Hm - ist schwierig, das aus der Ferne wirklich hilfreiche Tipps zu geben, aber ... ist es möglich, das BufferedImage für die höchste Zoomstufe zu erstellen, und bei niedrigeren zoomstufen dann einfach verkleinert zu zeichnen? (Ein verkleinertes BufferedImage geht schneller als 600000 Linien)


----------



## smuRf (21. Sep 2009)

naja in der höchsten zoomstufe würde ein buffered image das die komplette "bühne" fassen kann zu groß werden (einige tausend pixel höhe und breite).
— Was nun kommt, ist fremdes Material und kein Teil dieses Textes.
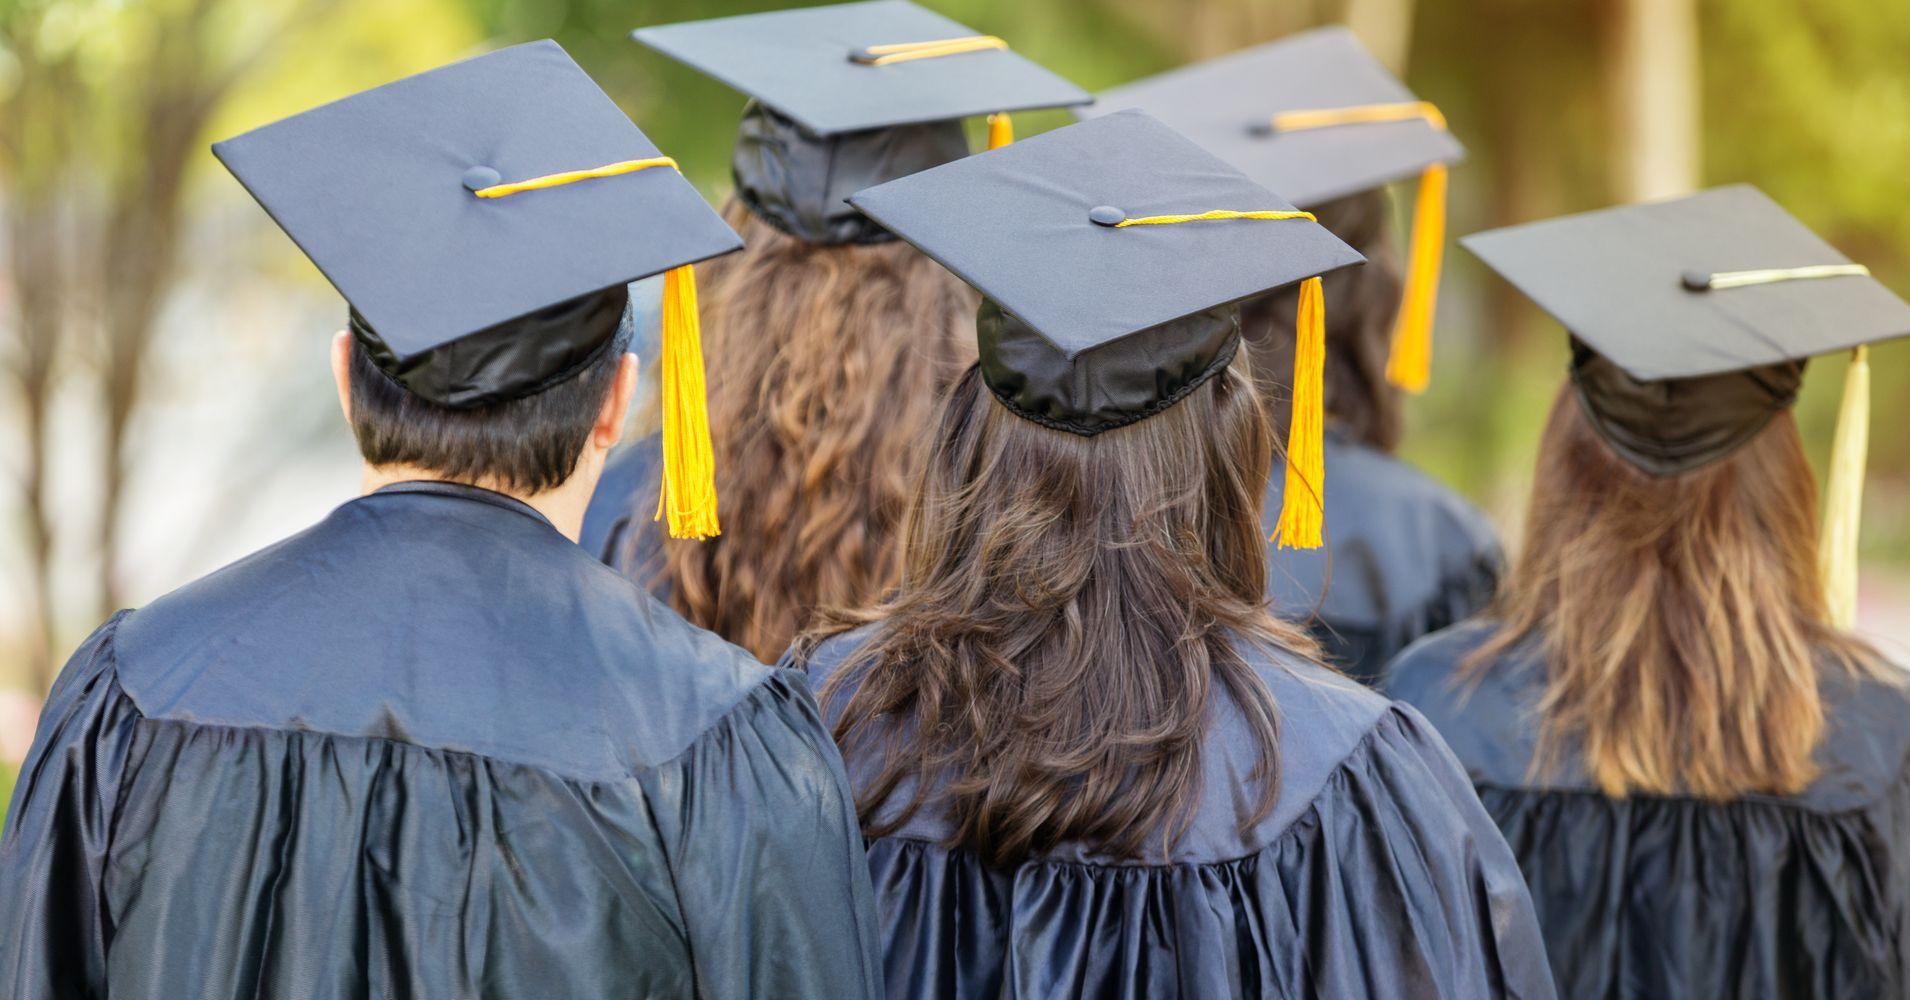 College Graduation | HuffPost

meine idee wäre gewesen soviel bi zu verwalten, dass in summe alles dargestellt werden kann, wobei ein bi einem viertel des sichtbaren bereichs entspricht (400*300).
dabei aber immer nur 16 bis zu beschreiben (4 die sichtbar sind und 8 um den sichtbaren bereich herum). alles was außerhalb liegt könnte ich flushen und nur dann die punkte ins bi schreiben, wenn es in den rand um den sichtbaren bereich rutscht.
wobei ich immer noch ein problem beim zoom hätte, da nach wie vor alles nachgezeichnet werden müsste.


----------



## smuRf (22. Sep 2009)

hat sonst vllt noch jemand ideen, wie das problem vernünftig zu lösen wäre?
wie gesagt, außer oben genannte varianten fällt mir leider nix mehr ein, bzw. sind schon einige versuche an geschwindigkeitsproblemen gescheitert.


----------



## Beni (22. Sep 2009)

Musst du unbedingt alle Linien zeichnen. Oder sind die so genau, dass es auch reicht nur jeden 10. Messpunkt zu verbinden?


----------



## Spacerat (22. Sep 2009)

Linien zeichnen ist ja nicht das Problem. Ob dazu mehrere BIs benötigt werden, wage ich mal zu bezweifeln. Die Speicherart der Linienverläufe in einer Collection ist meines erachtens aber schon ein Designfehler.
Mein Vorschlag: GeneralPath. Zweckmässigerweise für jeden Transponder einen. Die einzelnen GPs können dann in einer Collection (alles andere, nur nicht Vector, am besten 'ne Map) gehalten werden und bei Bedarf in einem BI gezeichnet werden.


----------



## smuRf (22. Sep 2009)

punkte reduzieren tu ich schon, alles was näher als 5px beieinander is, wird gleich mal "eliminiert".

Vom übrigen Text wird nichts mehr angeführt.